Осознание этой неизлечимой Саниной болезни придет к ней значительно позже, через долгие годы бесплодных надежд и гореваний. А в ту пору у Полины под сердцем вместе с будущей Валей-Валюшей угнездилась неотвязная тревога за мужа, которая довольно скоро начала оправдываться. Вдруг перестали приходить письма. На телеграмму, посланную по адресу его последней весточки, никто не ответил. Печальную ясность внесло письмо от старшего брата.

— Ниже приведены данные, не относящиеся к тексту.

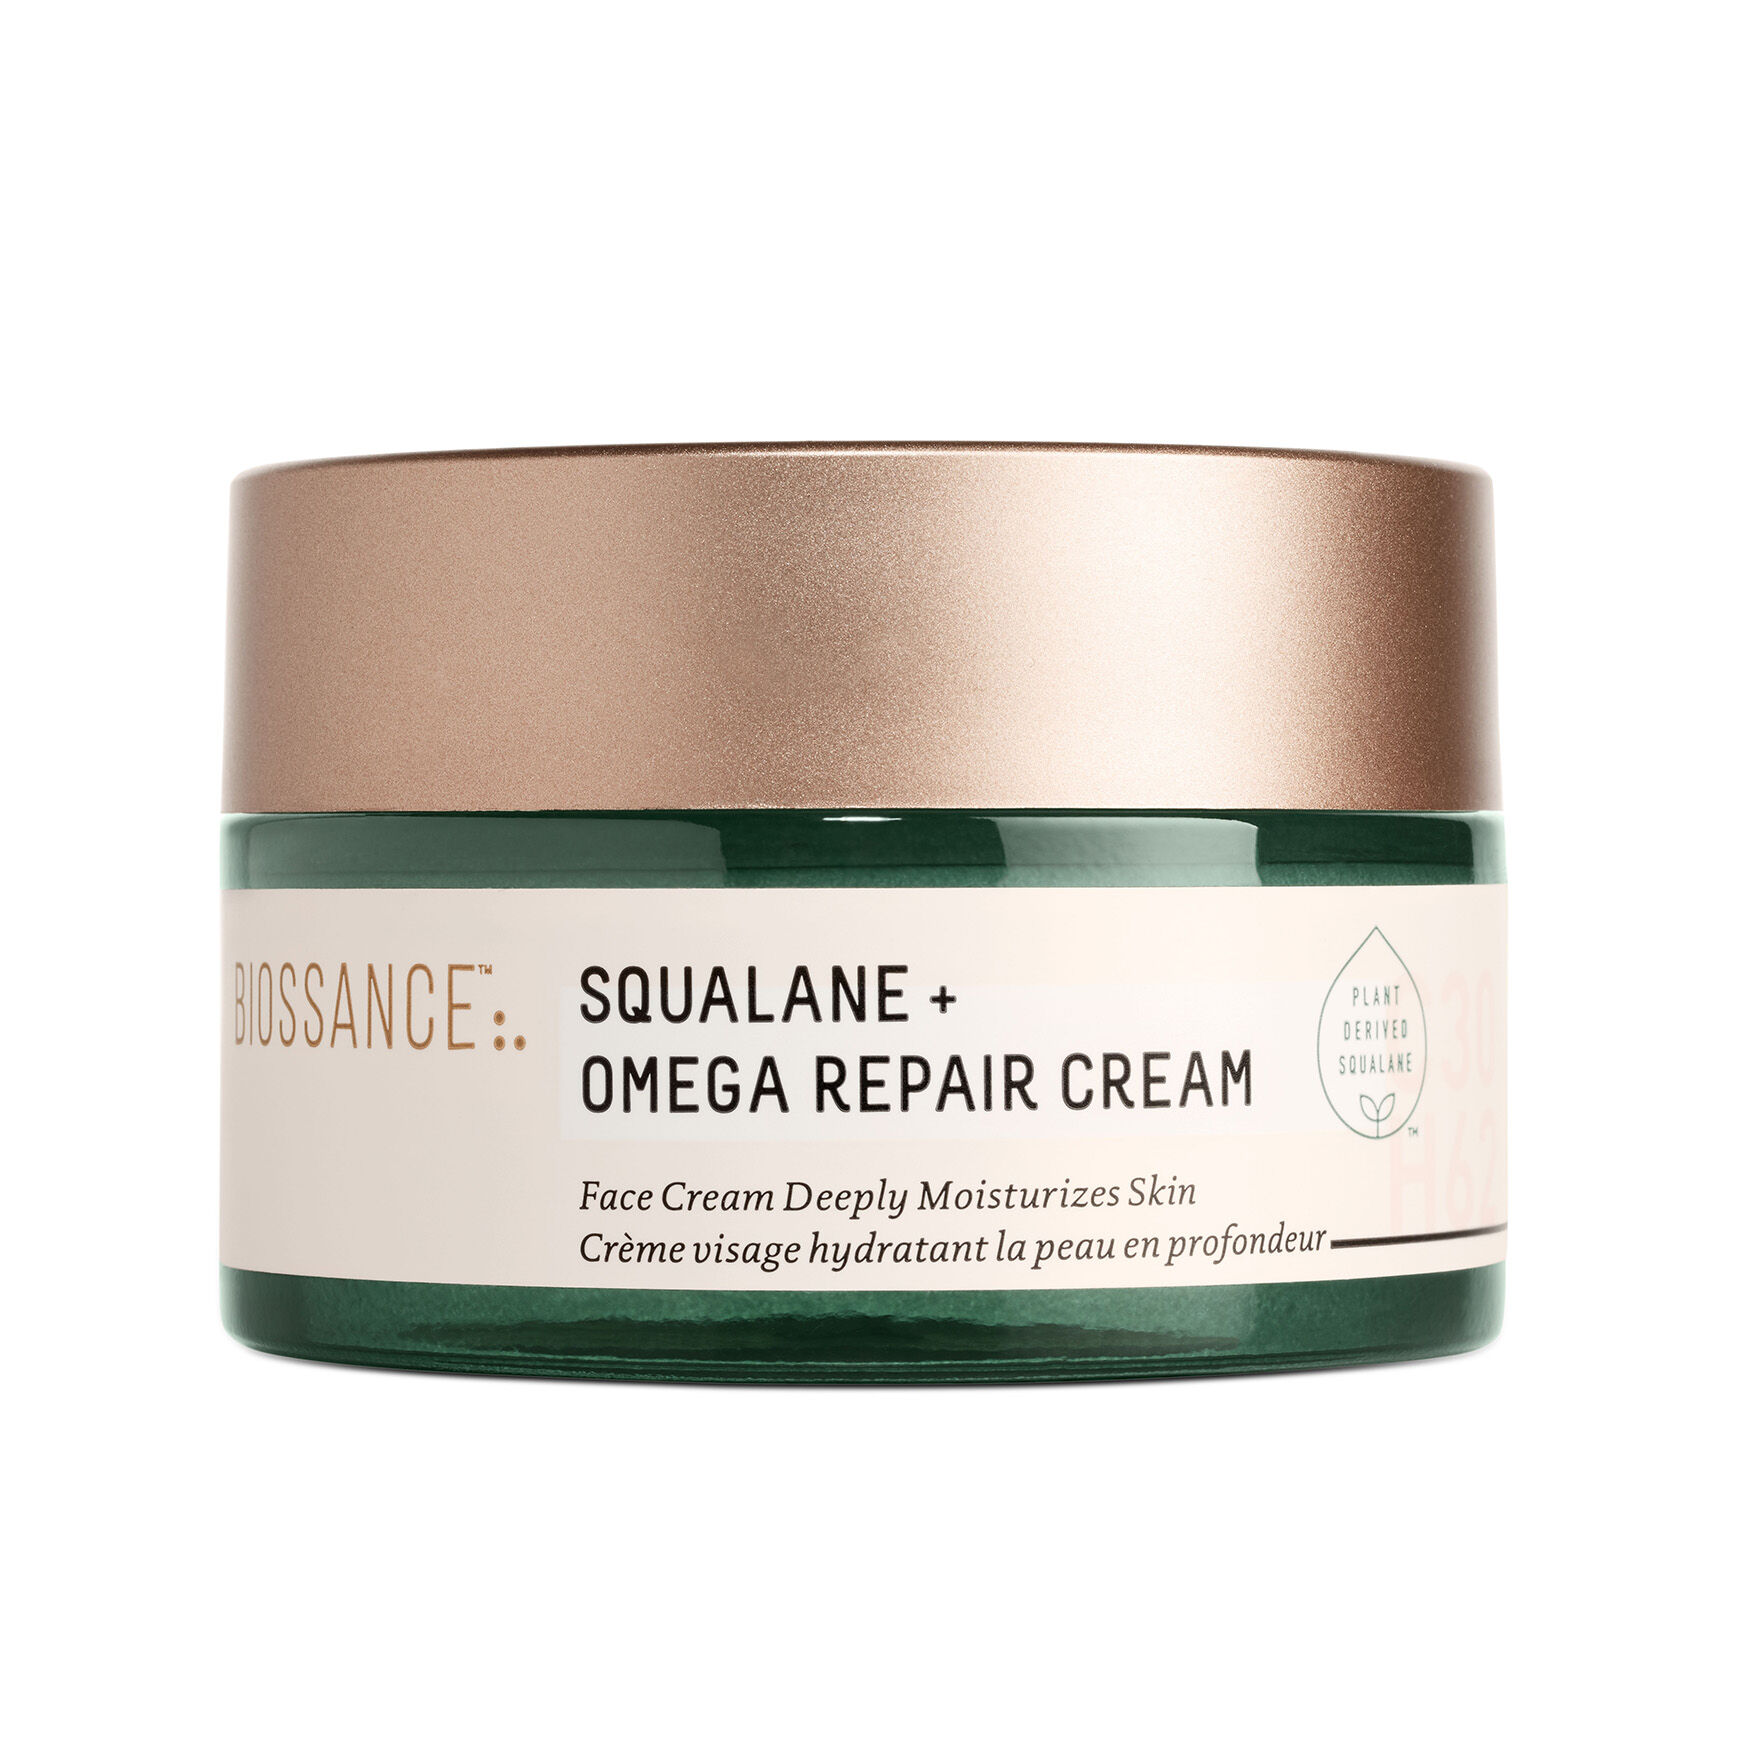 Biossance - Squalane + Omega Repair Cream

Анатолий сообщал, что Саня попал в нехорошую историю. Взялся сопровождать вагоны с лесом, которые шли незаконным путем. Вручили ему сопроводительные бумаги, маршрут следования и пачку денег для быстрейшего проталкивания груза на станциях переформировки составов. Сказали, к кому и как обращаться на конечном пункте… Впрочем, для Сани, как выяснилось потом, это был не первый рейс. Удачные поездки щедро оплачивались. Неудачная — привела на скамью подсудимых, причем только Саню. На одной из промежуточных станций милиция поинтересовалась щедрым на «подмазку» сопровождающим и подсадила ему в попутчики своего сотрудника. Почуяв неладное, адресат от груза отказался. Когда же потребовали объяснений у отправителя, там предъявили совсем иные копии накладных на груз, с иным адресатом, и собственноручной подписью сопровождающего. Бумаги, что были у Сани, к тому же заполненные им самим, признали поддельными, а Саню — единственным похитителем пяти вагонов леса… Строго предупрежденный сообщниками, что за один «случайный» рейс ему дадут меньший срок, нежели за участие в организованном групповом хищении (ну и, само собой, за молчание — отблагодарят, а за провал — не простят), Саня все взял на себя и получил пять лет заключения.
«Умники дураком сосну рубили, и тому одни шишки достались», — мрачно и запоздало ответил свекор на давнишнее похвалебное высказывание сына.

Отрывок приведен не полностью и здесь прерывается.